Dimensionality reduction

What is Dimensionality reduction?

It is a technique used in ML to reduce the number of dimensions such that it retains only those most important components.

Dimensionality reduction, or dimension reduction, is the transformation of data from a high-dimensional space into a low-dimensional space so that the low-dimensional representation retains some meaningful properties of the original data, ideally close to its intrinsic dimension. Working in high-dimensional spaces can be undesirable for many reasons; raw data are often sparse as a consequence of the curse of dimensionality, and analyzing the data is usually computationally intractable.
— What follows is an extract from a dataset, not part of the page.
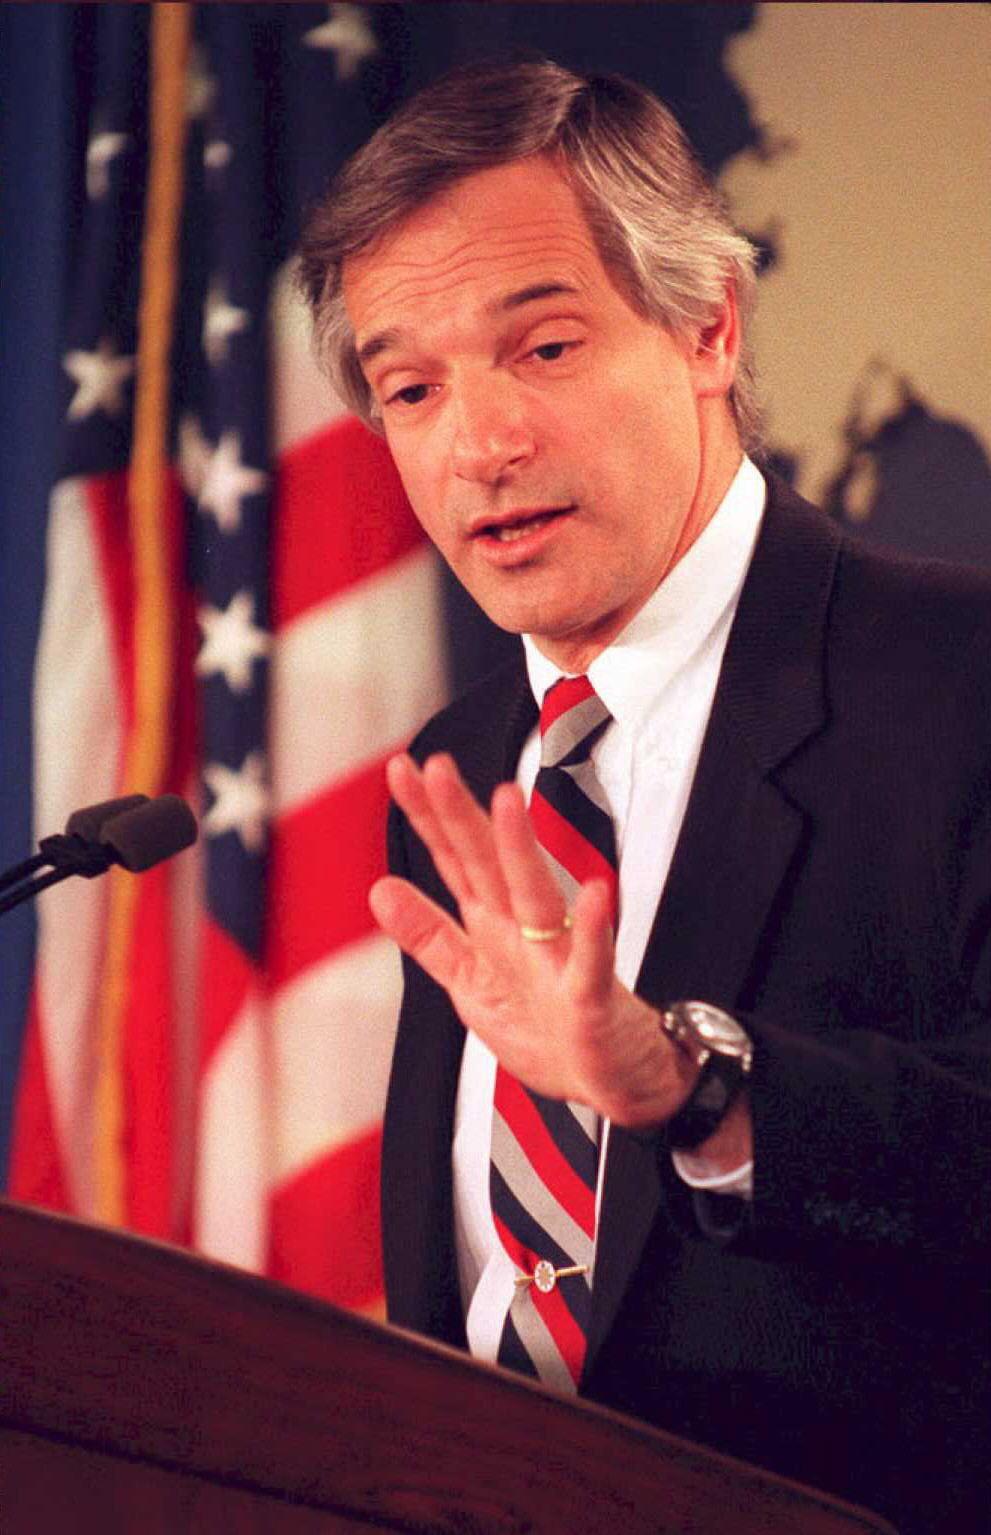 U.S. roving ambassador Robert Gallucci discusses the formation of a corporation to provide North Korea with nuclear reactors during a March 1995 event at the US State Department. Gallucci was central to the 1994 deal to stop North Korea from developing nuclear weapons. (Joshua Roberts/AFP/Getty Images)

Dimensionality reduction is common in fields that deal with large numbers of observations and/or large numbers of variables, such as signal processing, speech recognition, neuroinformatics, and bioinformatics.Methods are commonly divided into linear and non-linear approaches.[1] Approaches can also be divided into feature selection and feature extraction.[2] Dimensionality reduction can be used for noise reduction, data visualization, cluster analysis, or as an intermediate step to facilitate other analyses.

Dimensionality reduction is used both in supervised and unsupervised learning techniques.

PCA can be used for both supervised and unsupervised learning techniques LDA can be used only for supervised learning technique

LDA tries to reduce the dimensions of the feature set while retaining the information that discriminates the output class label as well.
LDA tries to find a decision boundary around each cluster of a class
It will then project these data points in a new dimension such that all the clusters are separate from each other as much as possible. hence, the individual points in a cluster are closer to the centroid of that particular cluster.
These new dimensions form the linear discriminants of the feature set.

Choose PCA --> When the data is highly irregular in terms of distribution (skewed)
Choose LDA --> Uniform distribution